Background & Motivation

World models are central components of embodied intelligence. However, existing world models suffer from fundamental limitations:

  • 2D pixel-space operation: Methods such as UniPi and SuSIE operate in 2D, providing no accurate depth or pose information.
  • Physically implausible predictions: 2D models may produce inconsistent object shapes across time steps.
  • High cost of 4D modeling: Directly generating outputs in the 3D+time domain incurs prohibitive computational overhead.
  • Lack of 4D annotated data: Large-scale robot datasets generally lack depth and surface normal annotations.

Mechanism: RGB-DN (RGB + depth + normal) video is used as a lightweight intermediate representation of the 4D world, enabling efficient construction of 4D world models via pretrained video generative models.

Method

Overall Architecture

Four core components: 4D dataset construction → RGB-DN generative model → 4D scene reconstruction → action planning.

Key Designs

1. 4D Embodied Video Dataset (~285k videos)

  • RLBench synthetic (80k): 20 tasks × 1,000 instances × 4 viewpoints, with precise depth + DSINE normals, Colosseum randomization.
  • RT1 Fractal real-world (80k): depth via RollingDepth + normals via Marigold.
  • Bridge (25k): annotated with the same pipeline.
  • SomethingSomethingV2 (100k): hand-object interactions with diverse language instructions.

2. Model Architecture (fine-tuned from CogVideoX)

  • A 3D VAE encodes RGB/depth/normal separately (VAE weights frozen).
  • Three independent InputProj modules extract per-modality embeddings, which are summed and fed into the DiT backbone.
  • RGB retains the original pathway; depth and normals are additionally decoded via Conv3D + DNProj.
  • Zero-initialization: all newly added modules are zero-initialized, ensuring the training starting point is equivalent to CogVideoX.
  • Text conditioning: "[action instruction] + [robot arm name]".
  • Multi-resolution training; 49-frame prediction.

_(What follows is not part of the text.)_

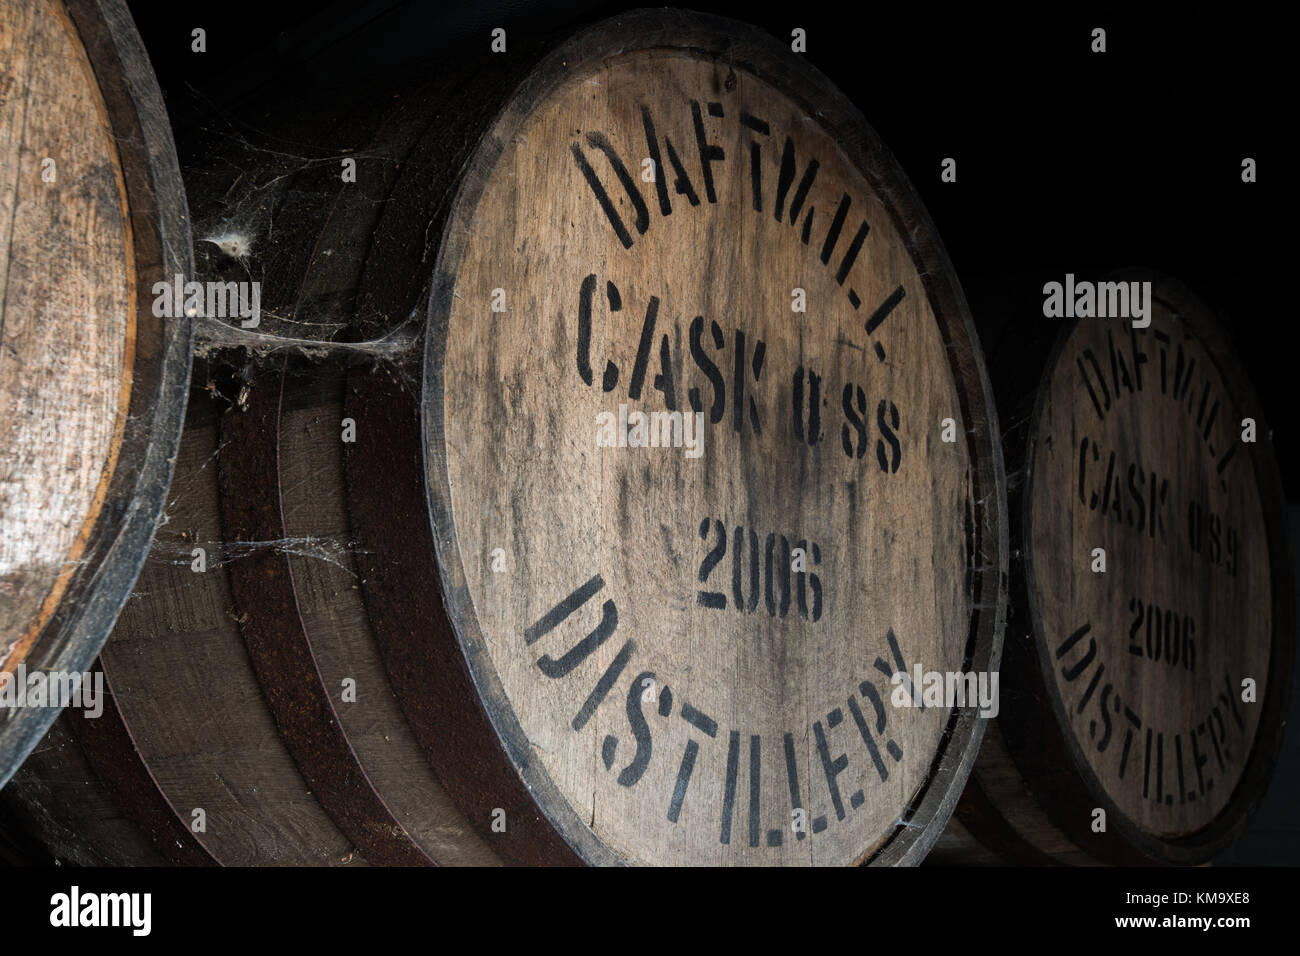 Daftmill Brennerei, von cupar, Fife, Schottland ist eines der neuesten Destillerien in Schottland, mit Gerste aus der eigenen Landwirtschaft und Wasser aus Ihrer artesischen Stockfoto

3. 4D Scene Reconstruction

  • Normal integration optimizes depth: a perspective camera model constrains log-depth, solved iteratively via a quadratic loss.
  • RAFT optical flow segments dynamic, static, and background regions.
  • Temporal consistency loss: flow-guided inter-frame depth consistency with separate weighting for dynamic and background regions.
  • Regularization loss: constrains optimized depth to remain close to generated depth.
  • Total loss = spatial consistency + temporal consistency + regularization.

4. Action Planning

PointNet encodes the 4D point cloud → combined with text embeddings → MLP outputs 7-DoF actions.

Loss & Training

  • Video generation: standard denoising loss, jointly over RGB + depth + normal.
  • 4D reconstruction: \(L_s\) (normal integration) + \(L_c\) (flow-guided temporal consistency) + \(L_r\) (depth regularization).

Key Experimental Results

4D Scene Generation

Real-world domain (RT1 + Bridge):

Method AbsRel↓ Normal Mean↓ Chamfer↓
OpenSora 31.41 41.82 0.3013
CogVideoX 26.17 19.53 0.2191
TesserAct 22.07 15.74 0.2030

Synthetic domain (RLBench):

Method AbsRel↓ Normal Mean↓ Chamfer↓
CogVideoX 19.81 20.36 0.2884
TesserAct 16.02 14.75 0.0811

Robot Action Planning (RLBench success rate %)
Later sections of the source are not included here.